Melo got ****ed up tonight. I'm not going to make any excuses for his ****ty play. This is the playoffs, he needs to step the **** up. He could start by making a layup once in awhile.


----------



## NugzFan (Jul 26, 2002)

melo didnt force the game which was good - he played smart and got some HUUUUUGE boards and buckets when we needed them most. very underrated game.


----------



## kg_mvp03-04 (Jul 24, 2003)

Melo was huge at the end with key rebounds but i think Camby down the stretch guarding Duncan was the key to the win. Melo also needs to complete more of those easy layups that he had in this game, he was blowing shots left and right. Great win by Denver hope Camby can stay healthy for the reamiainder of this series as he is pretty injury prone.


----------



## Kuskid (Aug 18, 2004)

RoddneyThaRippa said:


> Melo got ****ed up tonight. I'm not going to make any excuses for his ****ty play. This is the playoffs, he needs to step the **** up. He could start by making a layup once in awhile.


Unfortunately, he had an off game, like it or not. What he didn't do was force shots like crazy, he played an okay game but that okay could have easily been 5 for 25, but he kept it in control. That's why we're giving him props.


----------



## RoddneyThaRippa (Jun 28, 2003)

NugzFan said:


> melo didnt force the game which was good - he played smart and got some HUUUUUGE boards and buckets when we needed them most. very underrated game.

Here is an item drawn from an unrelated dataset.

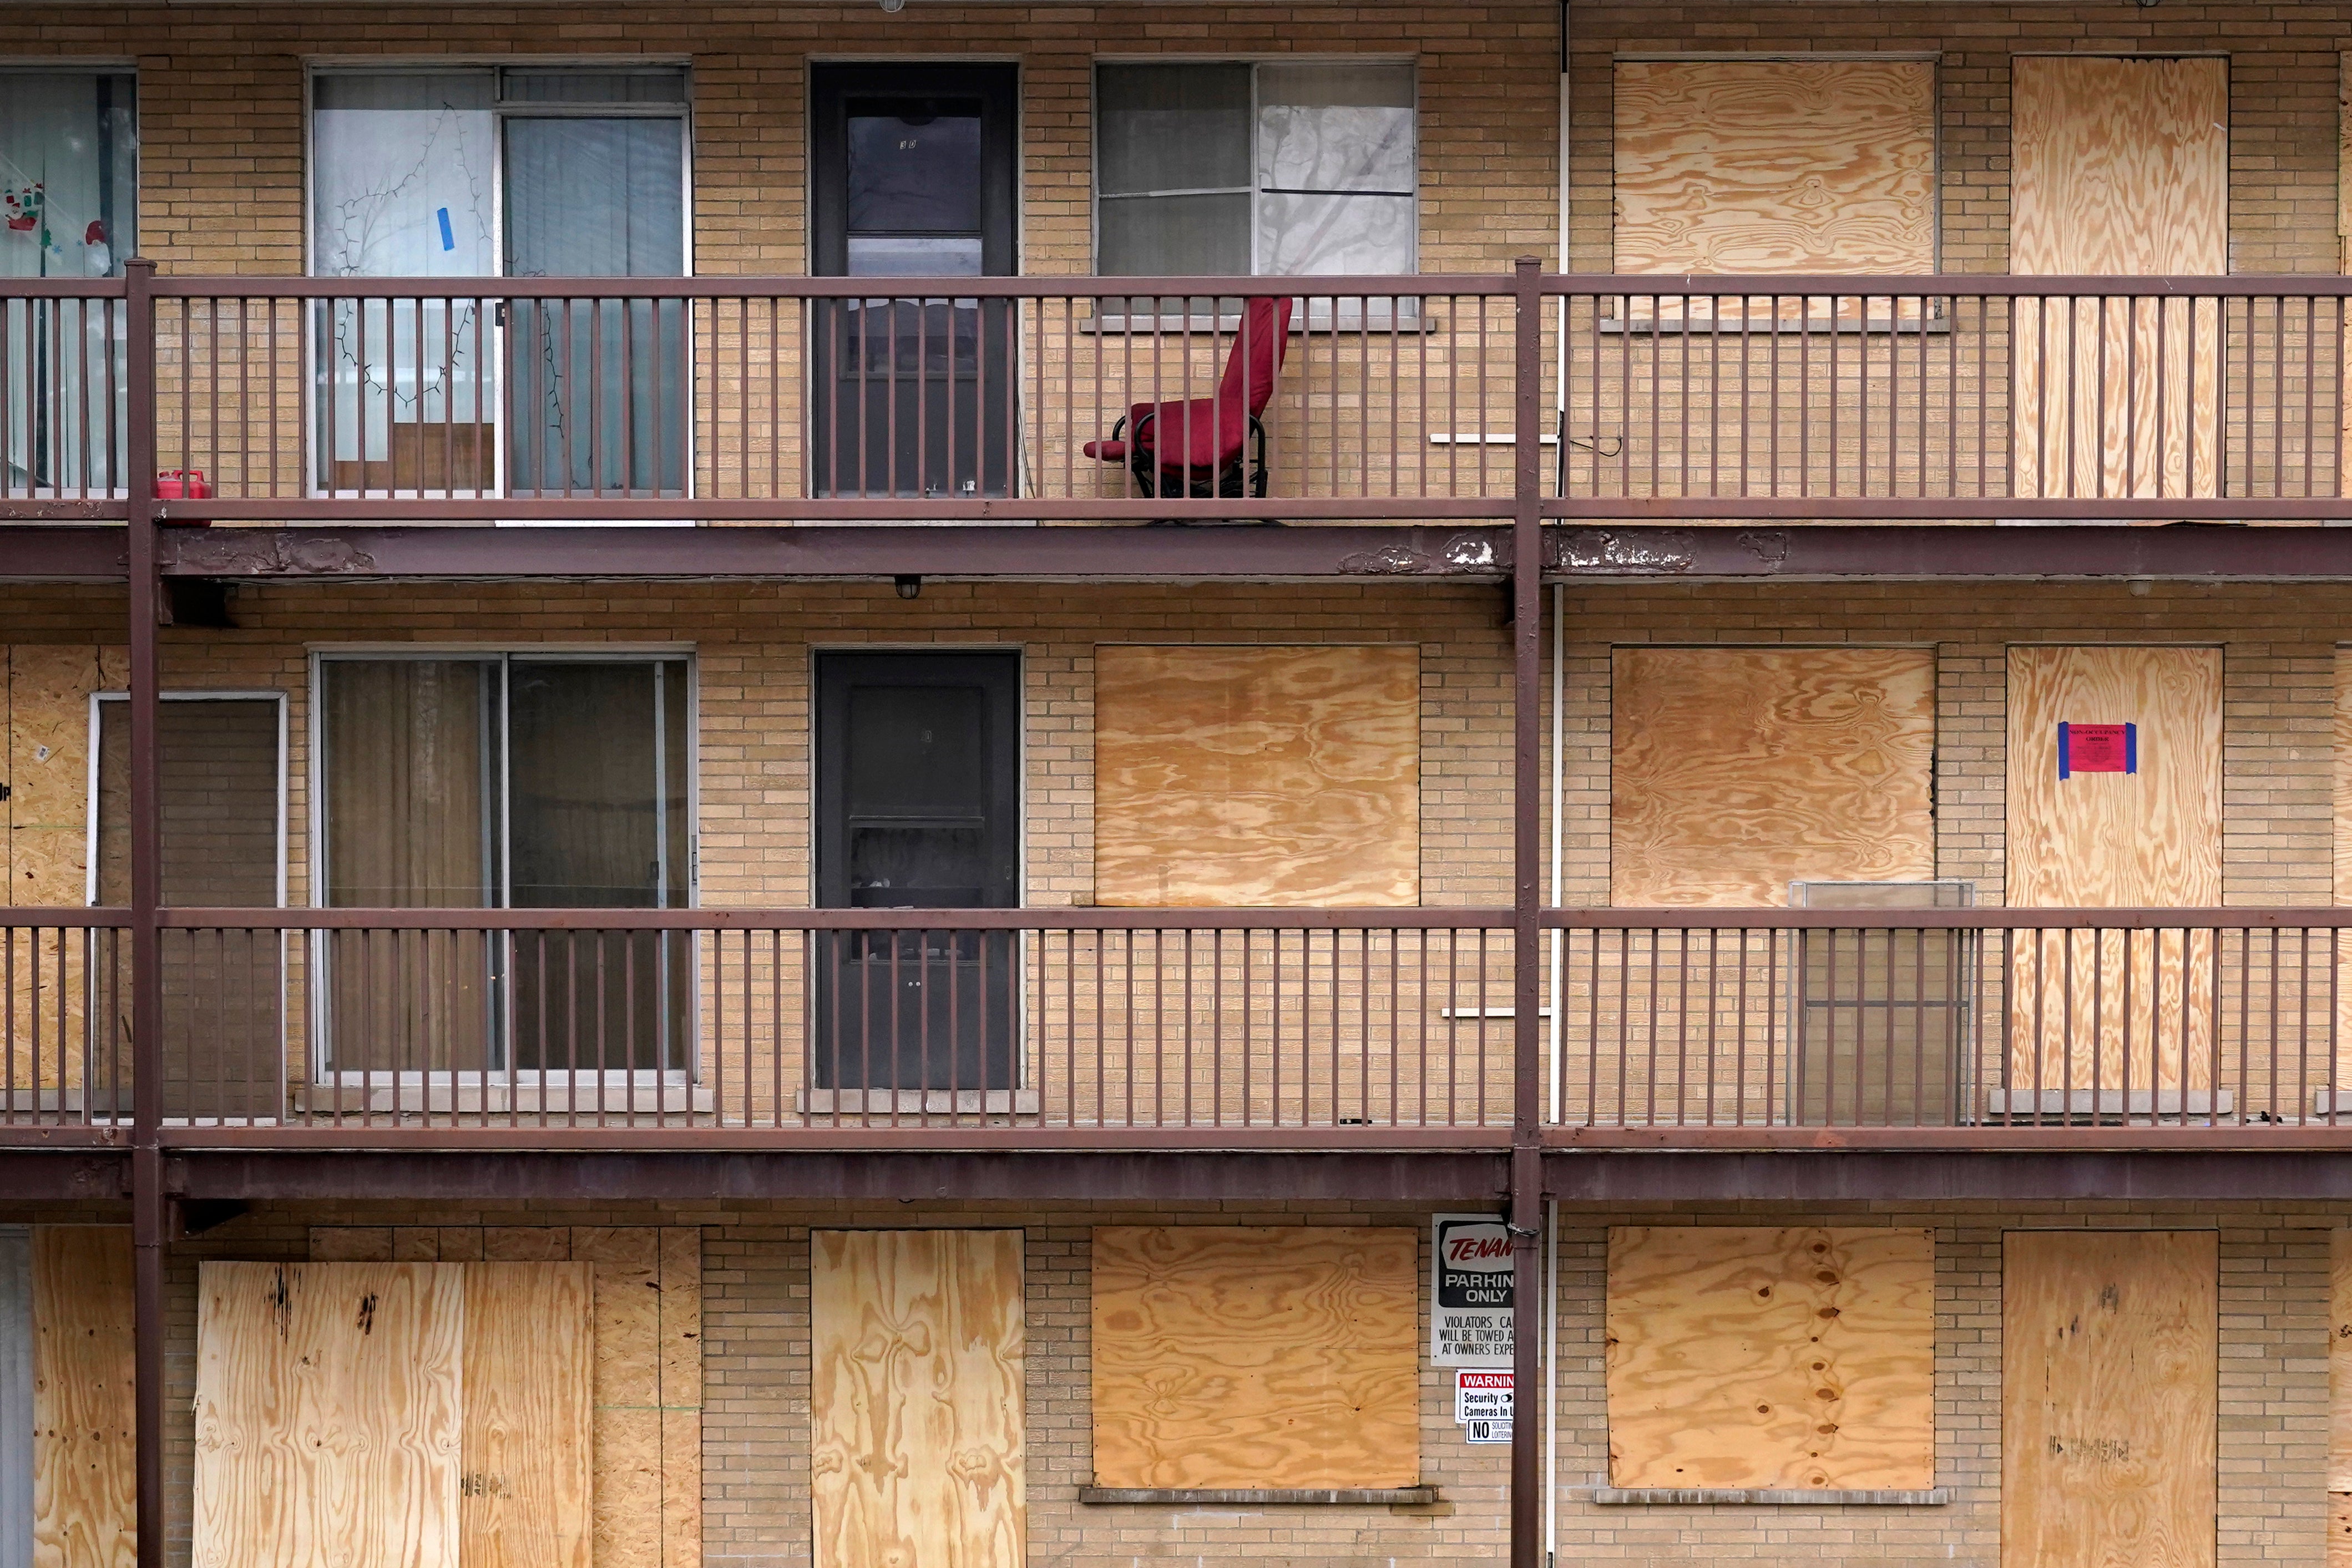 Apartments boarded up while tenants were still inside in Harvey, Illinois

Underrated game? He's the sole reason we didn't win this by 10 points or more. I've never seen someone miss so many layups, time after time after time after time. He just needs to dunk the ball. 

Anyway, you're an apologist so I shouldn't waste my time with you. You'll always make some crazy excuse for Carmelo. I'm calling it like it is.


----------



## RoddneyThaRippa (Jun 28, 2003)

Kuskid said:


> Unfortunately, he had an off game, like it or not. What he didn't do was force shots like crazy, he played an okay game but that okay could have easily been 5 for 25, but he kept it in control. That's why we're giving him props.


Well, I don't like the fact that he had an off game. What irks me even more is he missed damn layups on shots he probably should've just tried to dunk and at least get a foul. There wasn't anything ok about his game and another one like this and we can kiss our hopes of advancing goodbye. 

It's the playoffs - no time to be ****ing around. Same goes for Kenyon.


----------



## cpawfan (Jun 20, 2004)

RoddneyThaRippa said:


> Well, I don't like the fact that he had an off game. What irks me even more is he missed damn layups on shots he probably should've just tried to dunk and at least get a foul. There wasn't anything ok about his game and another one like this and we can kiss our hopes of advancing goodbye.
> 
> It's the playoffs - no time to be ****ing around. Same goes for Kenyon.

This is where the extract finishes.